What the recursion taught us
- One tool step gated everything. With no help, four of five runs wrote sensible placement code, then failed on the final export by handing an assembly object to a function that needs a solid. Two lines naming the correct export call flipped the result from 1 of 5 to 5 of 5.
- More guidance made it worse. Adding a build-volume note, then requests to consider rigidity and manufacturability, lowered buildability each time. A small model on a short budget spends its turns reading and reasoning instead of building.
- More time helped less than expected. Raising the budget recovered the export rate but not the part count or the design quality. The extra time went to a tool-confusion loop, not to better engineering.
- Lean and exact won. The best note named only the failure modes the model actually hit, and dropped everything else. It matched the best buildability and removed the worst failure loop.
The grades: placed, not jointed
Updated 2026-06-12 with five extension seeds per cohort: the original "5 of 5 buildable" did not survive more seeds — combined buildability is 9/10 (mechanics v2) and 8/10 (lean v5), and the spreads widened. That is what seeds are for; single-cohort rates flatter. The graded aggregates below use all loadable seeds.
The two cohorts that export reliably have now been graded with the same GAP, POS, and ORIENT rubric as the frontier track, so the numbers are directly comparable.
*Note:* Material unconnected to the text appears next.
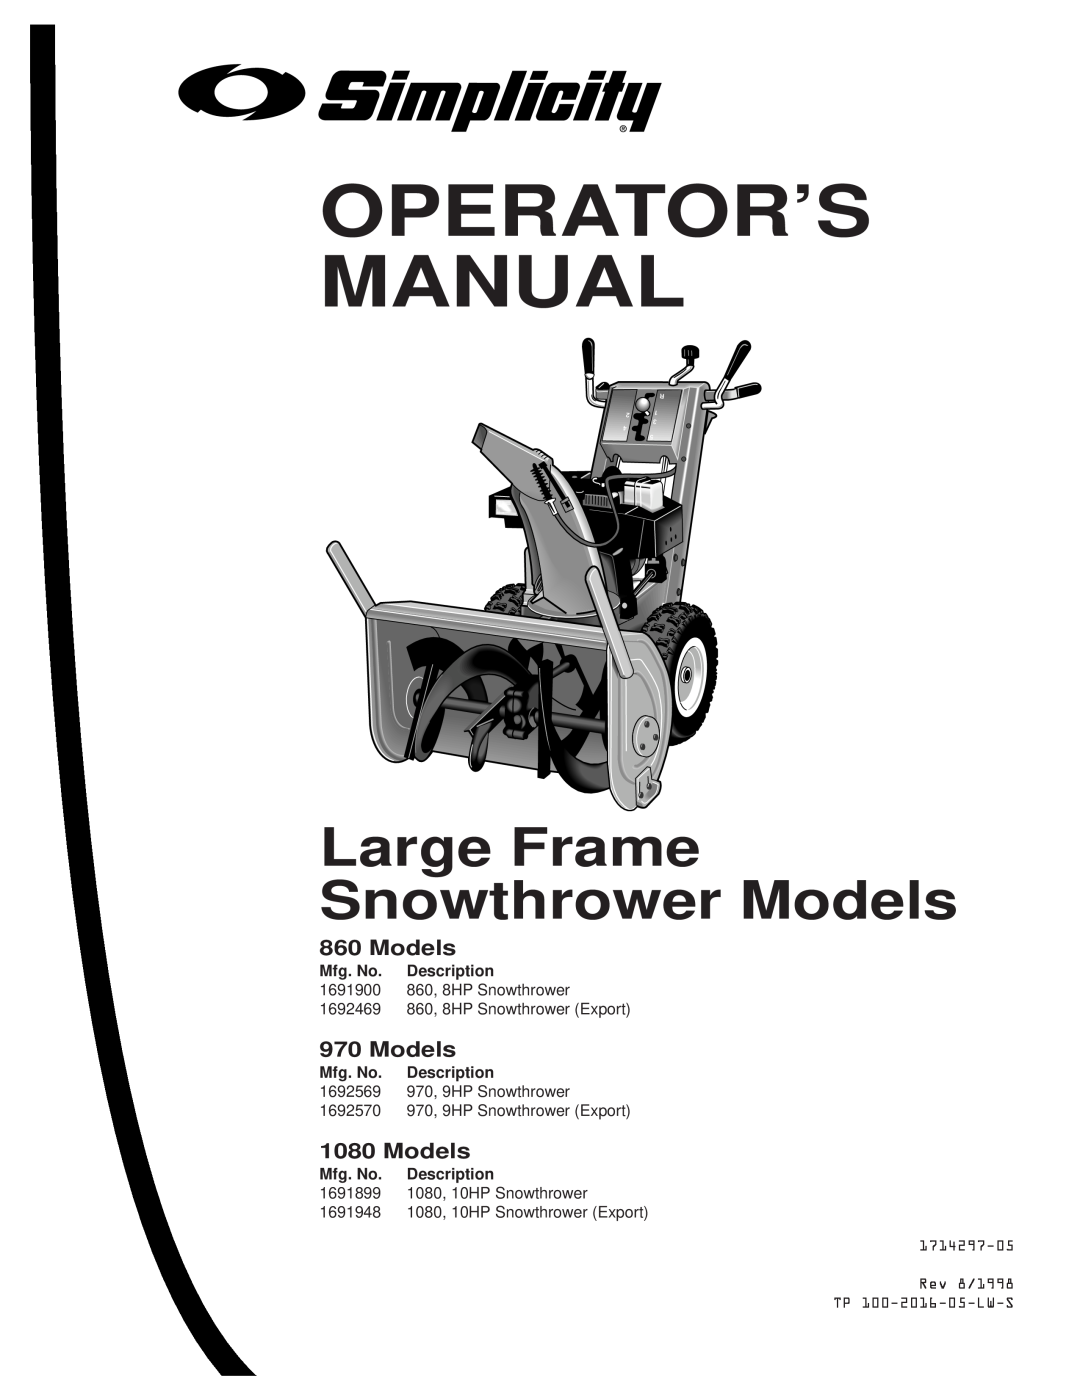 Simplicity 1691948, 1692469, 1692570 manual Operator’S Manual, Large Frame Snowthrower Models, Rev 8/1998 TP 100-2016-05-LW-S

Read them with the buildability table above: the model places roughly the right number of parts at roughly the right scale, and the grades quantify how far those parts sit from a machine.
| Cohort (n = 5) | GAP median | ORIENT aligned | POS relative median |
|---|---|---|---|
| Mechanics v2 (n=9 of 10) | 272 ± 149 mm | 12% | 118 ± 47 mm |
| Lean v5 (n=8 of 10) | 341 ± 133 mm | 20% | 233 ± 139 mm |
| Frontier range, for scale | 0.0 to 7.8 mm | 47 to 69% | 38 to 68 mm |
- Parts land 100 to 400 mm off on a 2000 mm machine. Joints that should sit flush are 300 to 400 mm apart at the median, and only 11 to 14% of interfaces fall within 1 mm. About 30% of asymmetric parts get the correct rotation.
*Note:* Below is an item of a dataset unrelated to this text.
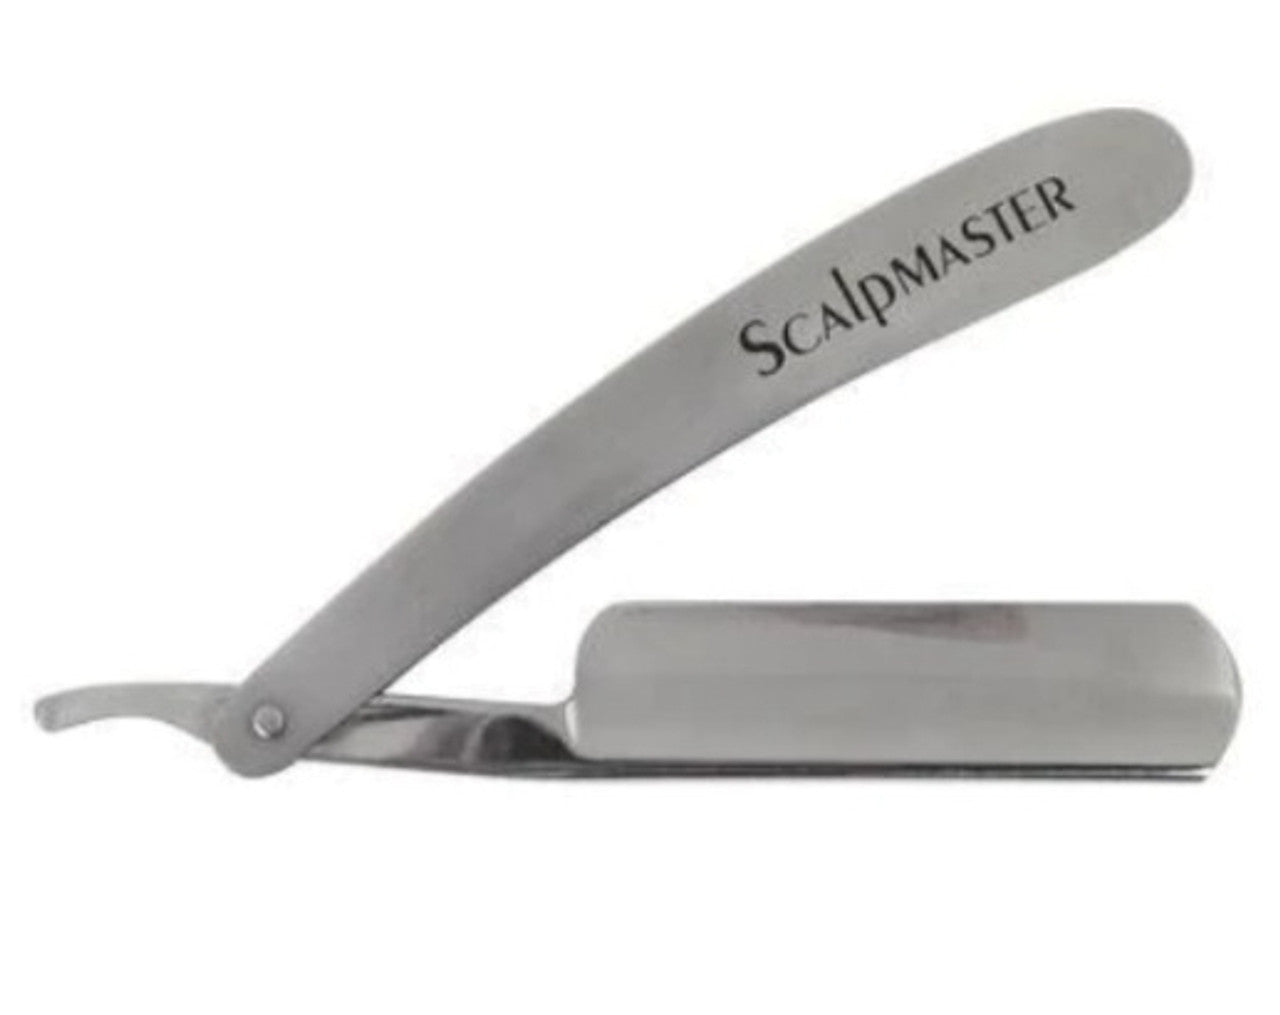 Scalpmaster Professional Stainless Steel Deluxe Shaving Razor - Silver

- The shape is closer than the anchor. Relative position error is far smaller than absolute (104 mm vs roughly 500 mm for mechanics v2): the model captures local clustering better than it anchors the whole frame.
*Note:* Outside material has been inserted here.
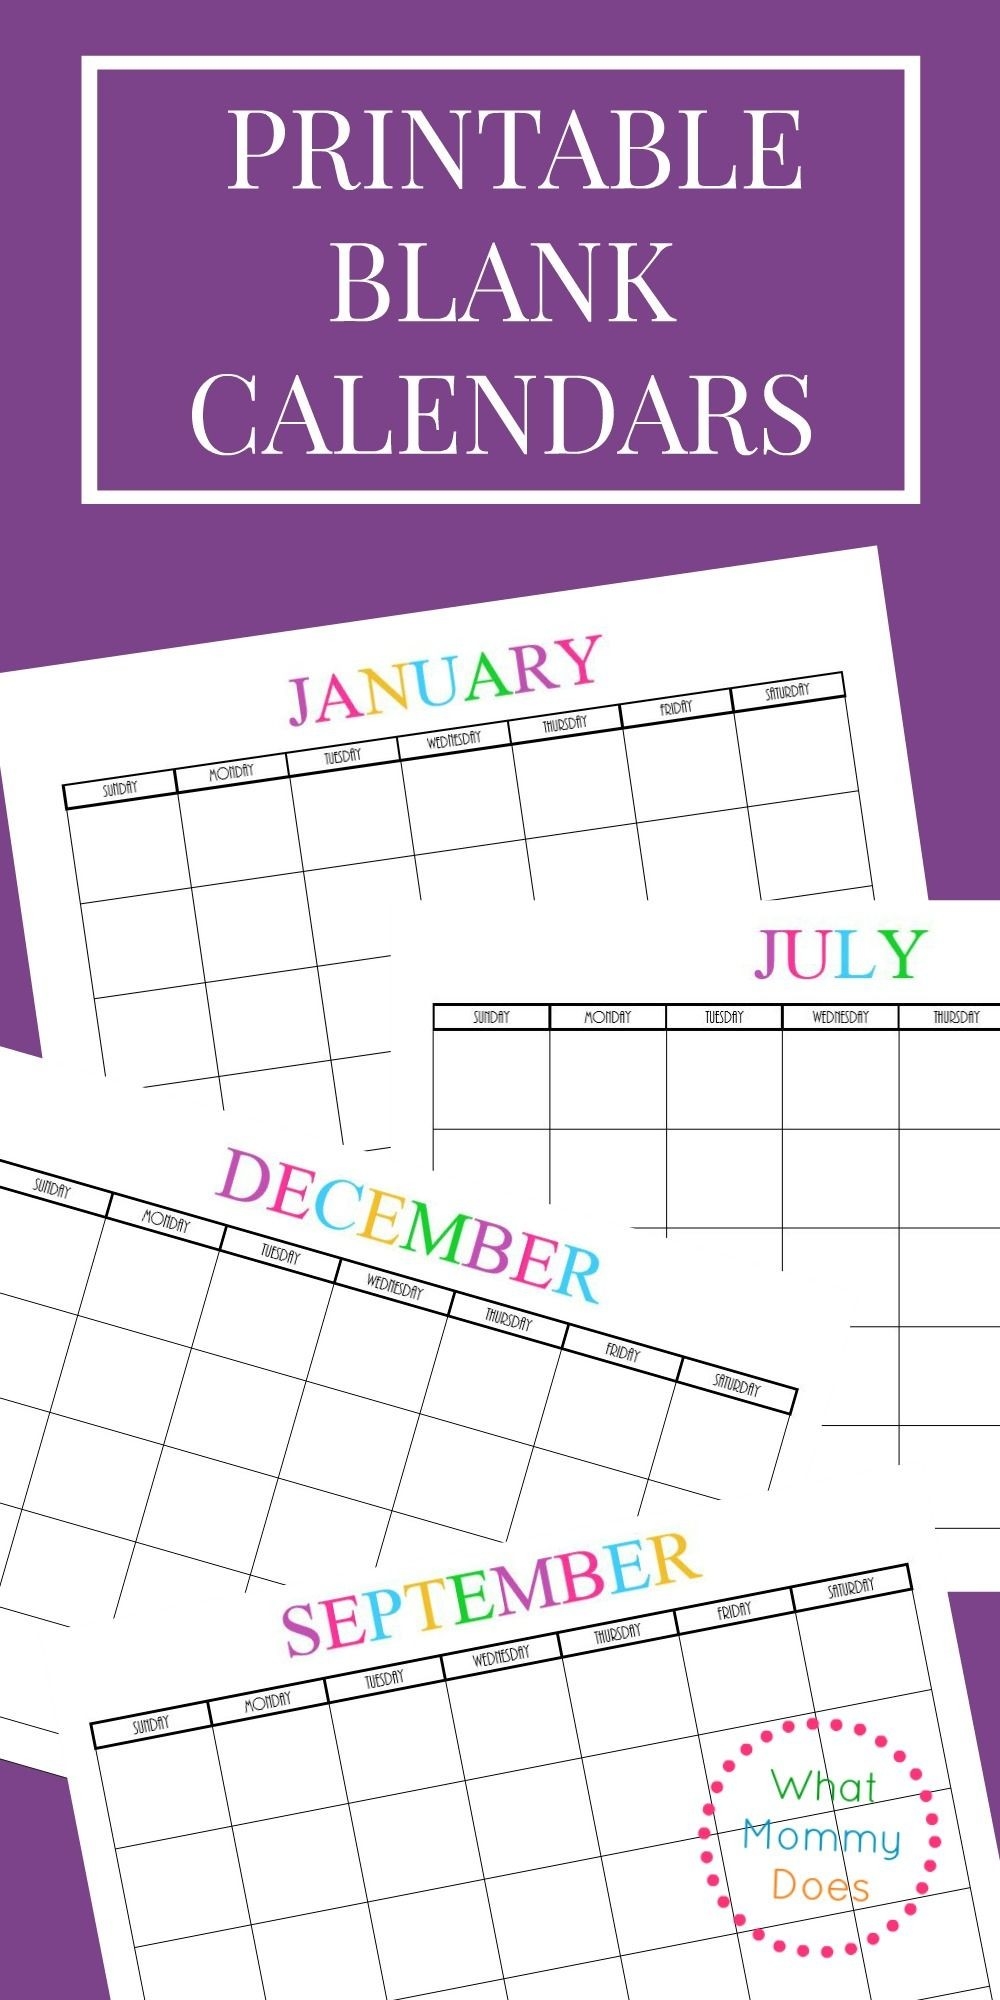 Free Printable Blank Monthly Calendars – 2018, 2019, 2020-Free Printable Budget Calendar Template 2020

- Buildability and accuracy are different objectives. Lean v5 exports cleanest; mechanics v2 places parts more accurately. Tuning a local agent only on whether it builds optimizes the wrong thing.
- The structural gates agree. Both graded builds fail inventory on the part mix (not the count) and show 20 to 28 pairs of clipping solids, while nothing floats free. Parts grouped together, not a connected frame; a connectivity gate that scores seated joints is the next grader level.
What this study does not yet answer
- Design judgement at scale. Asking a small model to weigh manufacturability, thermal load, vibration, fatigue, and kinematics is the real goal of the benchmark. It pays off only with a larger model, a longer budget, and a grader that can score those modes. That work belongs in the shared task definition, not in a local note.
Method, harness, grades, and the full run catalogue are in the open-source repository. Correctness grading uses the same CADCLAW gates as every other MARB run.